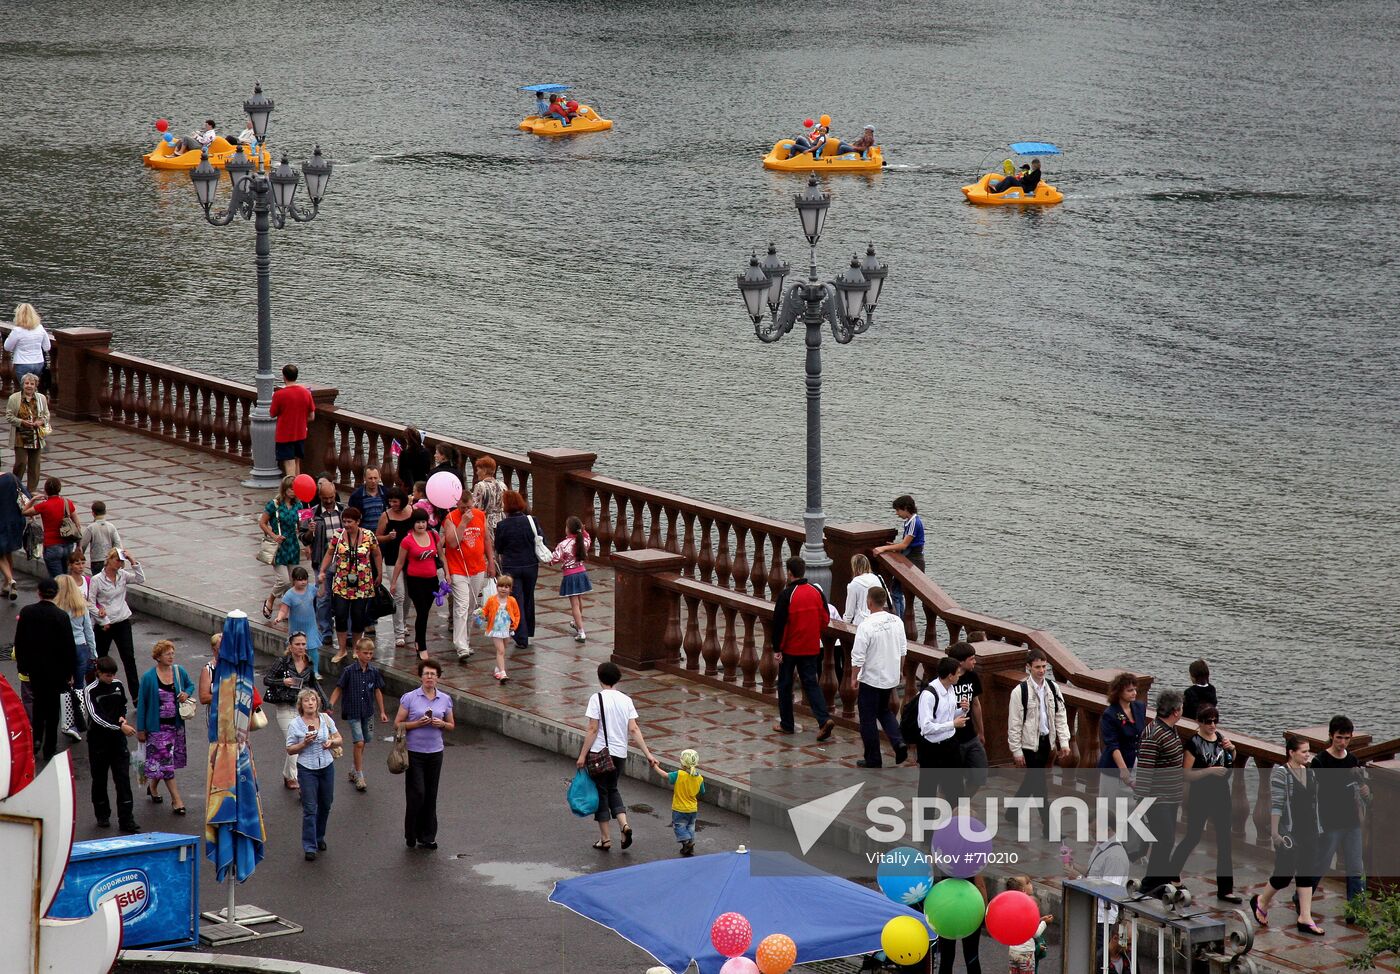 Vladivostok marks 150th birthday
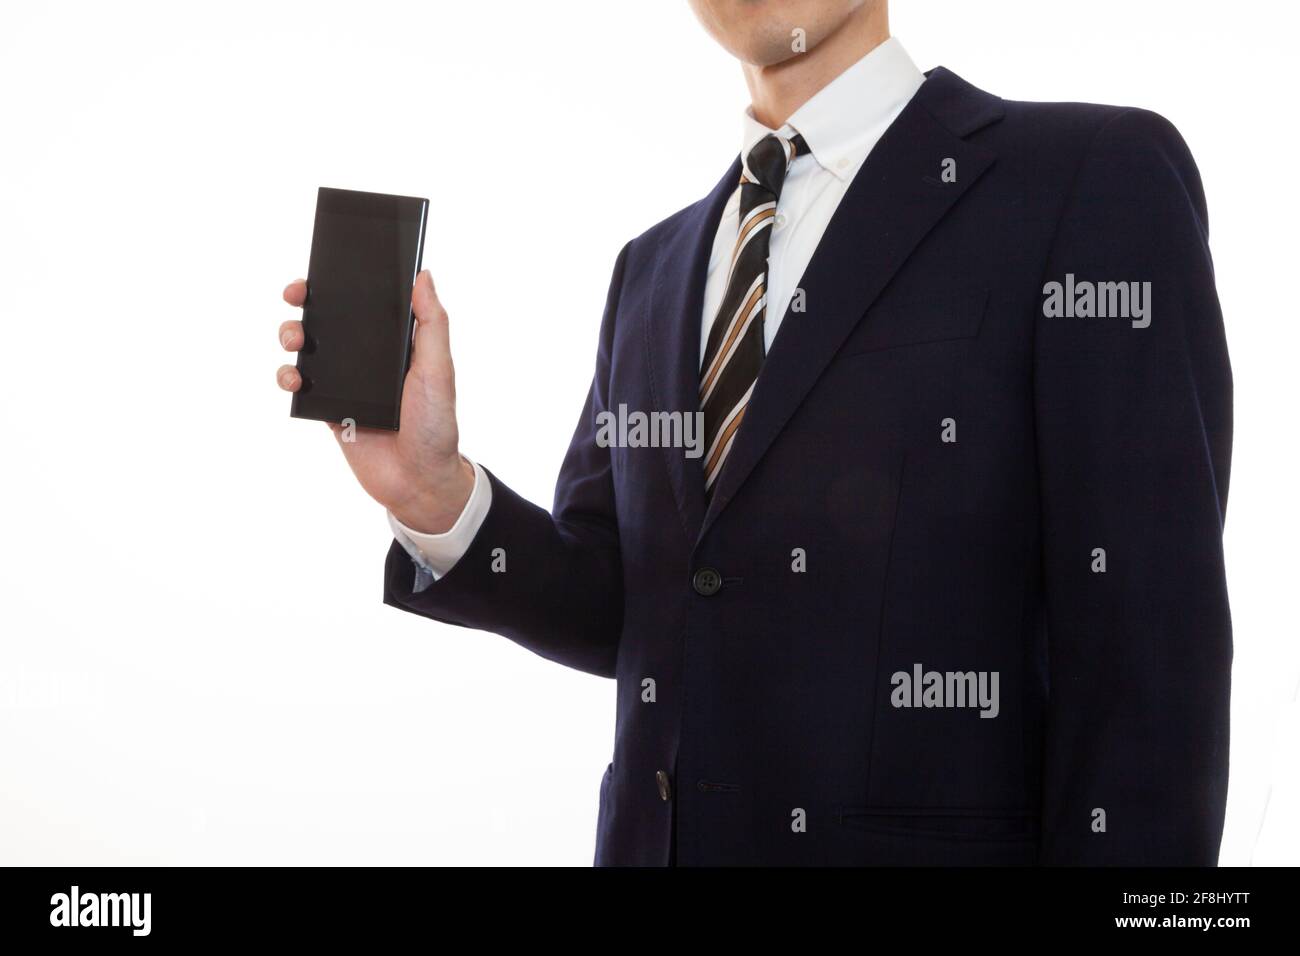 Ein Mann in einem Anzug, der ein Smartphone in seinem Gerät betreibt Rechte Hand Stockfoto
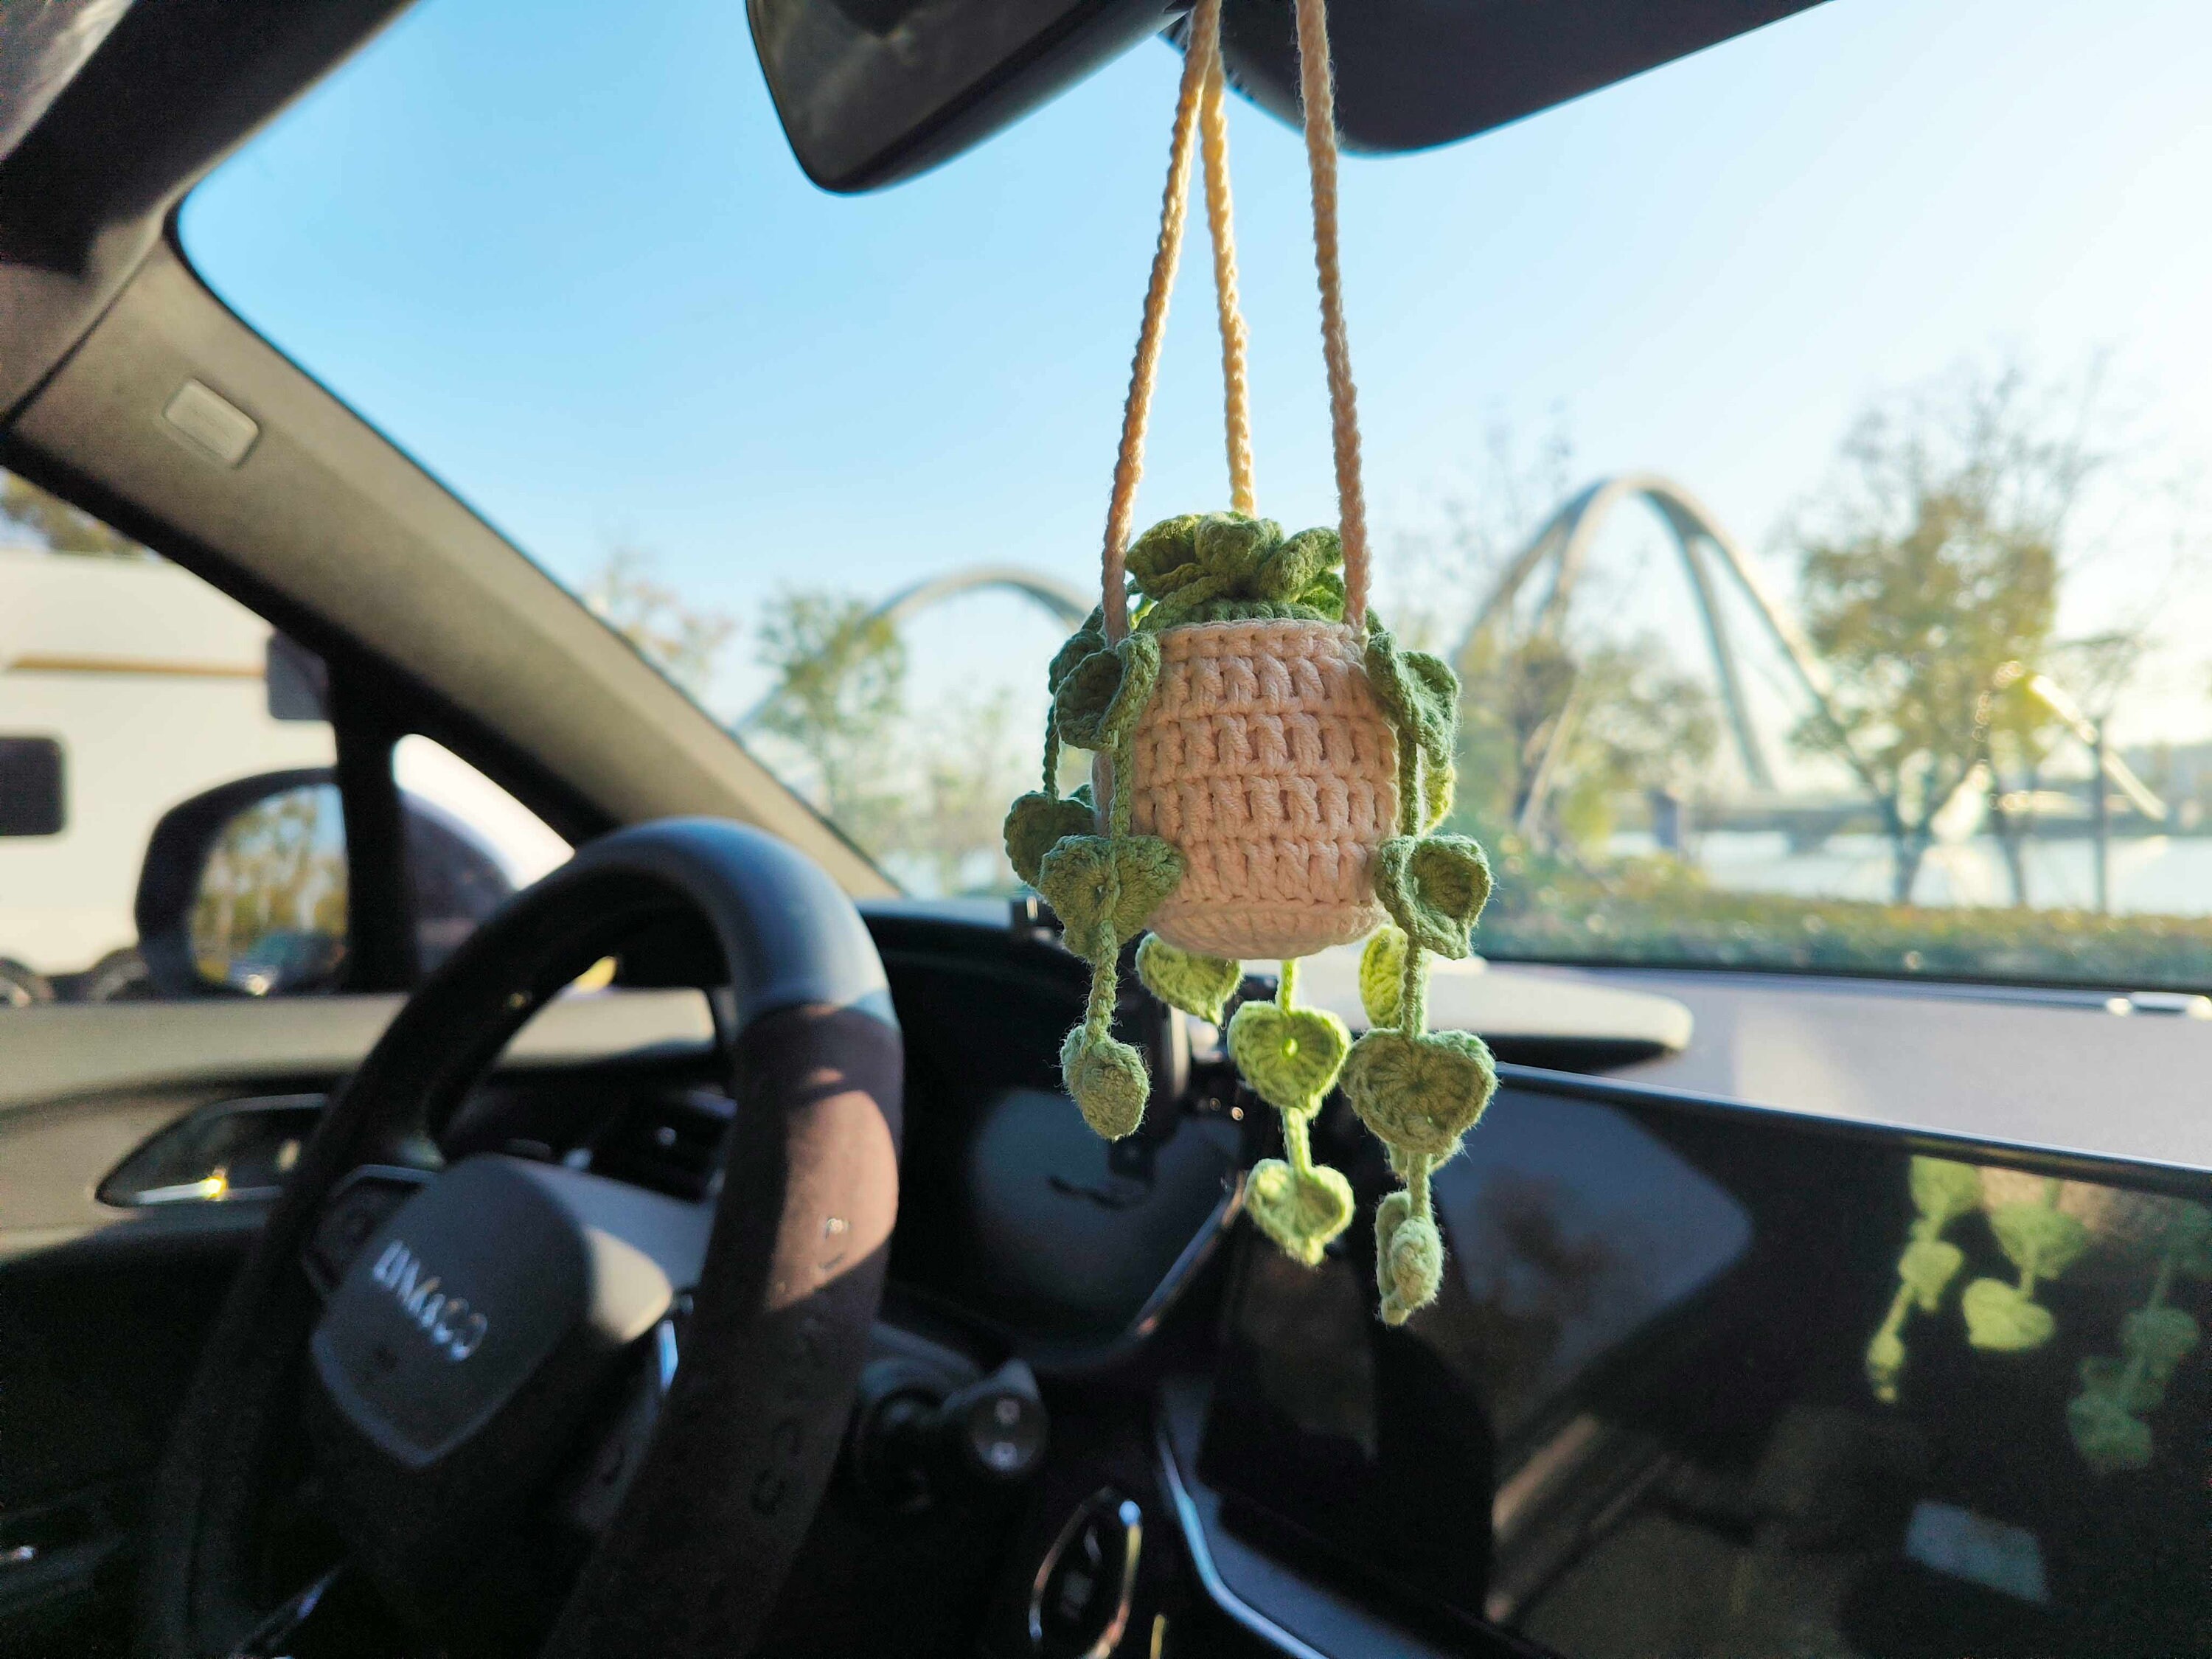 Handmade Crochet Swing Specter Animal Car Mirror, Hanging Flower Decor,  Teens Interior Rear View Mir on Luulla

## INSTRUCTIONS FOR THE TASK
None of the pictures belong in the copy; transcribe the rest of the data exactly.

## RESULT OF THIS TASK
 Vladivostok marks 150th birthday
 Ein Mann in einem Anzug, der ein Smartphone in seinem Gerät betreibt Rechte Hand Stockfoto
 Handmade Crochet Swing Specter Animal Car Mirror, Hanging Flower Decor,  Teens Interior Rear View Mir on Luulla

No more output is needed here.